Making sound effects

Hello! Two weeks ago in this newsletter I said I wanted to work on my game’s music for a while. After sending out that newsletter I played some videogames, went to bed, and woke up the next morning with an uncontrollable urge to work on sound effects instead. And that’s all I’ve been doing since then.

Improving my game engine’s sound effect support

Up until two weeks ago, my game engine's sound effect support was extremely barebones. Once a sound effect started playing there was no way of cutting it off early or forcing it to restart, so you would hear overlapping sound effects all over the place during frantic gameplay moments. The only exception to this rule was the explosion sound in Chessplosion, which my game engine handled by having some special code that only ran for the explosion.wav sound, instead of using a robust system that would work for any sound effect.

All of that is fixed now, so it’s much easier for me to add sound effects that play nicely with each other instead of creating a cacophony of overlapping sounds. I’m not doing anything special that other game engines don’t do, but at least now my engine can do it too.

Sound effects

After bringing my game engine up to speed I made a whole bunch of sound effects. Here’s what I have so far:

I highly recommend putting on some loud arcade game music while you listen (example one, example two, example three).

I love these sound effects so far! I imagine I’ll probably adjust them all after I make the game’s music, especially the explosion sound which I took directly from my game Chessplosion, but I think these sounds are already feeling loud and arcadey.
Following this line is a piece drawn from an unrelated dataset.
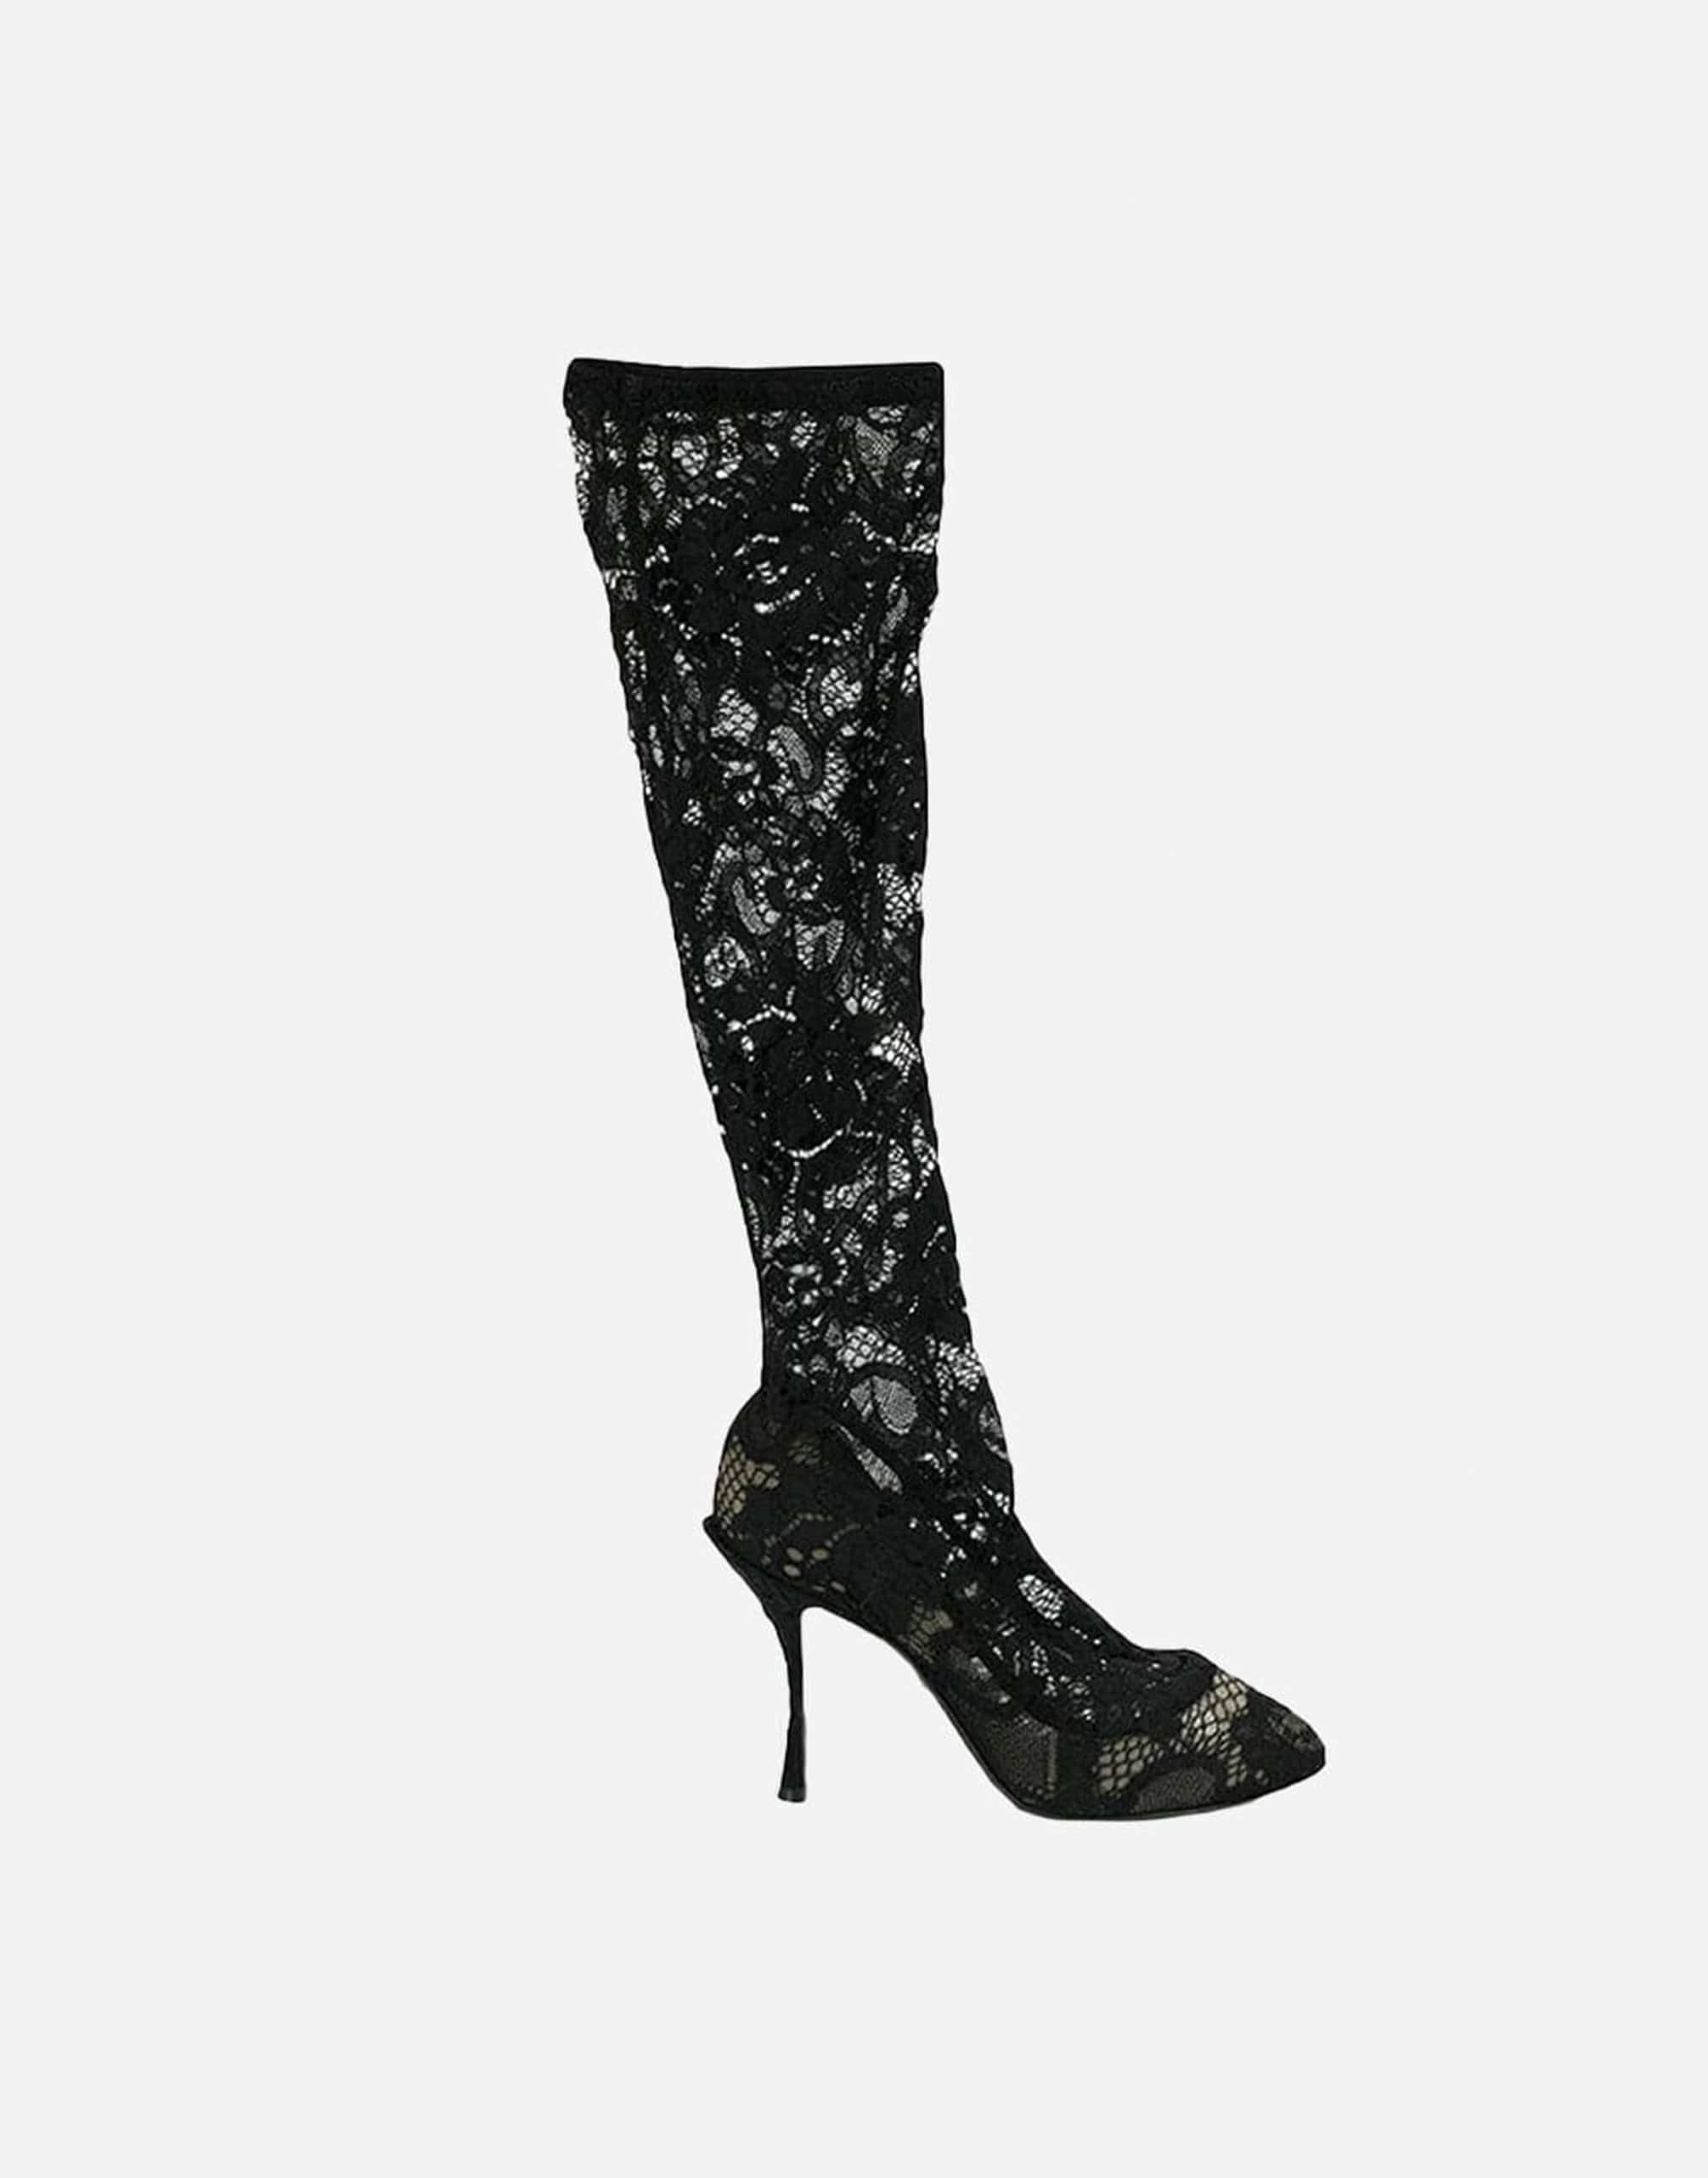 Dolce & Gabbana Sheer Lace Boots

This is a huge relief, as I’ve never tried to make those sorts of sound effects before and I was worried I wouldn’t be able to pull it off.

Sampled sound effects

Most of the game’s sound effects use sounds from libraries such as OSA Sounds, soundeffect-lab.info, 24 Killers SFX and FilmCow Royalty Free Sound Effects Library. I haven’t just dropped these sound files directly into the game; they’ve all been processed to sound a bit more arcade-like, and the vast majority of my sound effects are combinations of multiple samples. For example, the water splash sound consists of two layers sampled from different water recordings and the hammer KO sound is a premade arcade attack sound effect combined with a premade baseball bat sound effect.

Musical sound effects

The rest of the sound effects were made using the same 90s MIDI arcade instruments that I’m using for the game’s music. I just grabbed my MIDI keyboard, played around until I found some nice-sounding jingles and used those sounds for picking up coins, clearing rooms, bouncing on jump pads and so on. I always love making these sound effects because it’s all the joy of playing an instrument without any of the pressure to create an entire song.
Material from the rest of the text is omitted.